Trees on Blackheath
Thursday, January 12th, 2012Michael asks:
Not sure whether you’ve seen but a number of Silver Birch trees/saplings have recently been planted on the Vanbrugh Park/St John’s Park part of the Heath.
I was under the impression (possibly wrong) that the Heath should essentially remain treeless and what trees there are were either self seeded of planted at a time when it was less regulated.
I spoke to the Greenwich Council gardeners at the time and they said that the council had been asked by “the friends” to plant the saplings as a result of fire damage of the summer although no trees were damaged in the summer.
Personally I would rather see the natural bracken be given a chance to thrive. Any thoughts?
The Phantom replies:
Sadly I haven’t got up to the heath for weeks so no, I haven’t seen them.

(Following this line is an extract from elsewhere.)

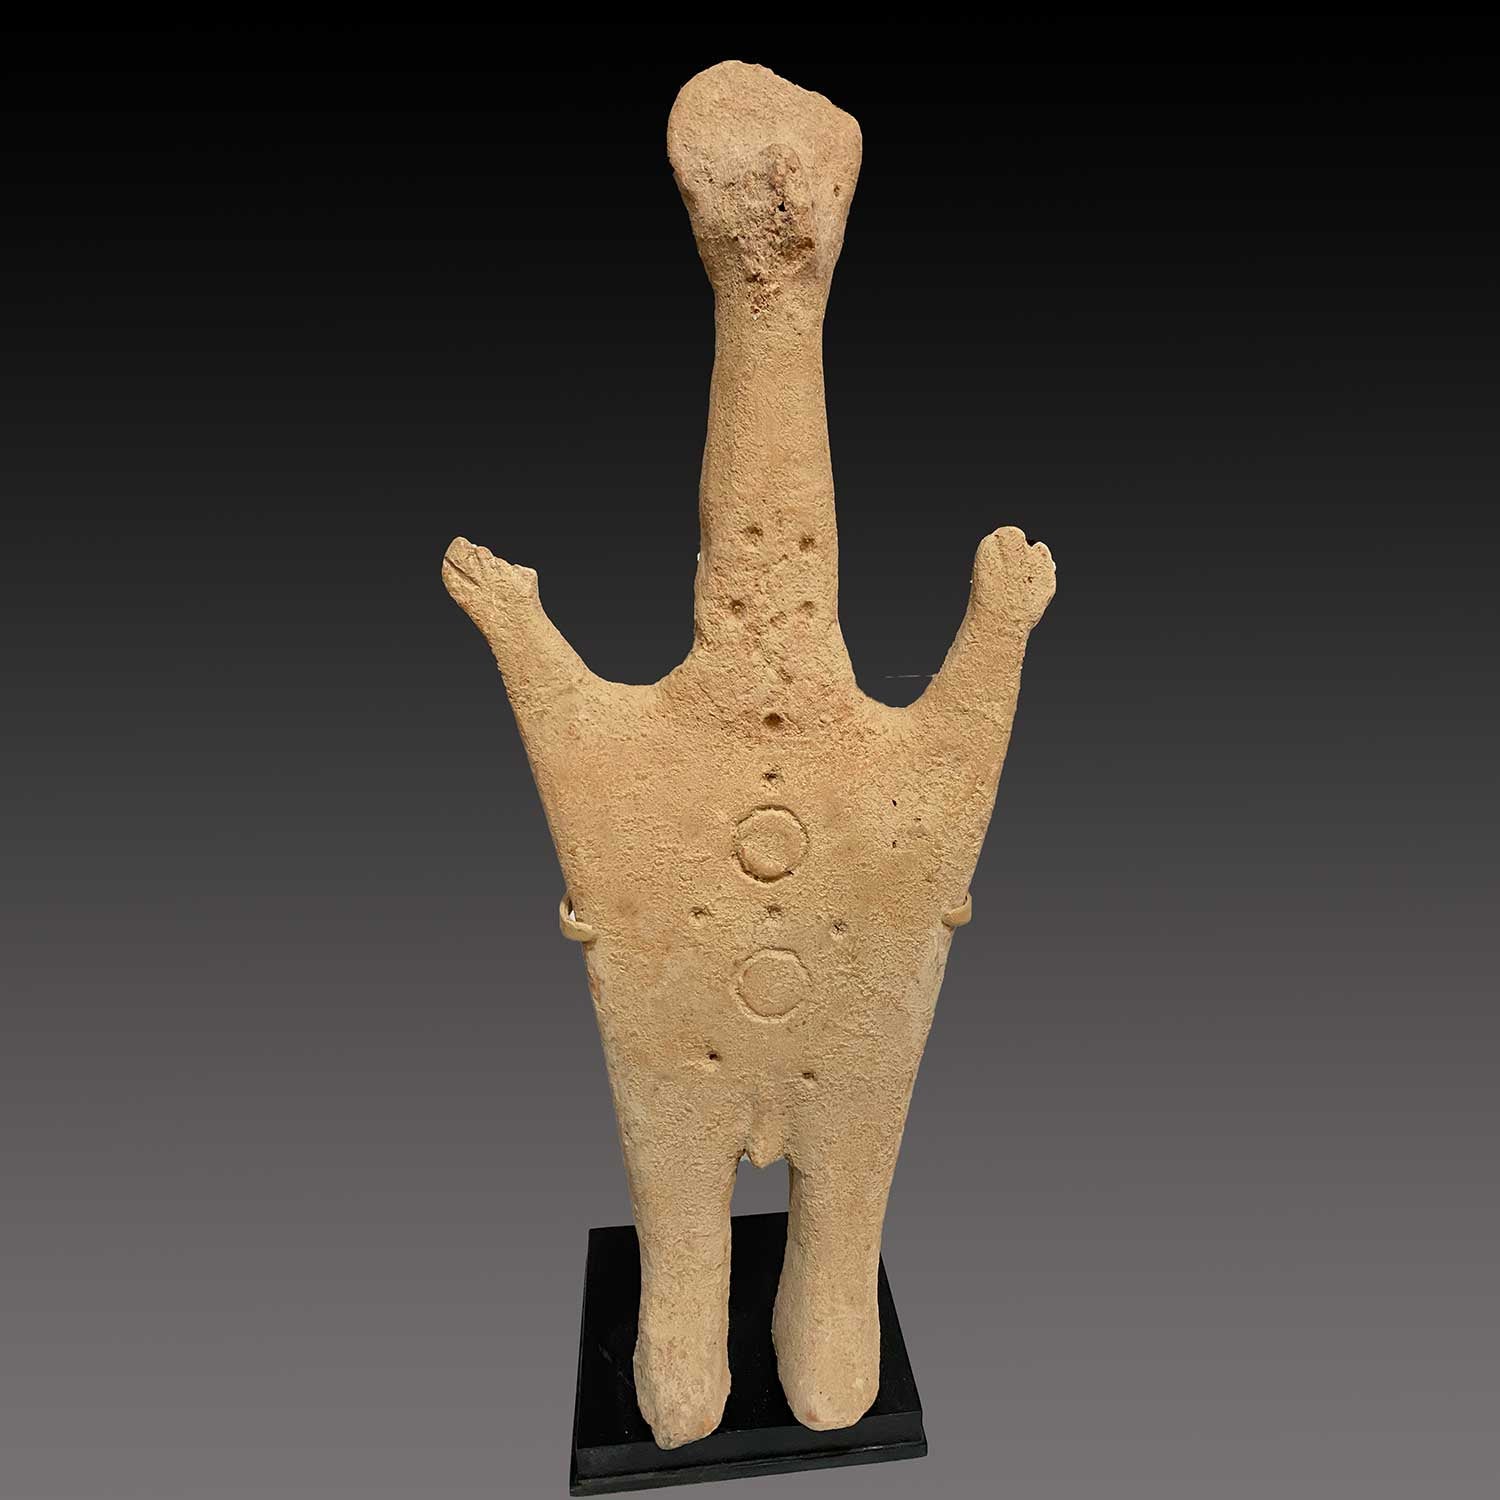 A Mesopotamian Terracotta Male Statue, ca. early first millennium BCE

But I’m not personally too worried. I’m not sure which ‘friends’ asked for the trees (Westcombe Society? Blackheath Preservation Trust? No idea…) but if you’re going to have trees up there, silver birch are, I believe, quite appropriate for heathland.
Of course the heath looks very different to how it was even 60 or so years ago. It’s only been the smooth green billiard table it is now since it was pretty much ‘filled in’ with rubble from bombed buildings after World War II – before that it was the classic romantic wilderness you generally associate with the word ‘heath,’ complete with dips and hollows, like the dips that still remain at the top of Maze Hill, gorse, bracken, mines, caverns, the odd windmill and, of course, the traditional dandy highwaymen. It was a dangerous place to travel through, let alone walk, but really rather wonderful.
If you want to read more, Neil Rhind’s book The Heath is definitive – and has many pictures, several of which include trees that look suspiciously like silver birches. Obviously the heath would never have been a forest of them, but small clumps would not be topographically ‘wrong,’ I believe. Perhaps a proper plant historian can put me right? Mr Bowes?
We’ll never get back what the heath used to be – and so many people use it as it is now, smooth (and, IMHO slightly boring in the middle) that it’s not even something most would desire, but introducing a few examples of native species around the edges seems like quite a good idea to me, and wouldn’t preclude allowing the bracken to grow. And it will help to screen the houses up there from the incessant A2 traffic.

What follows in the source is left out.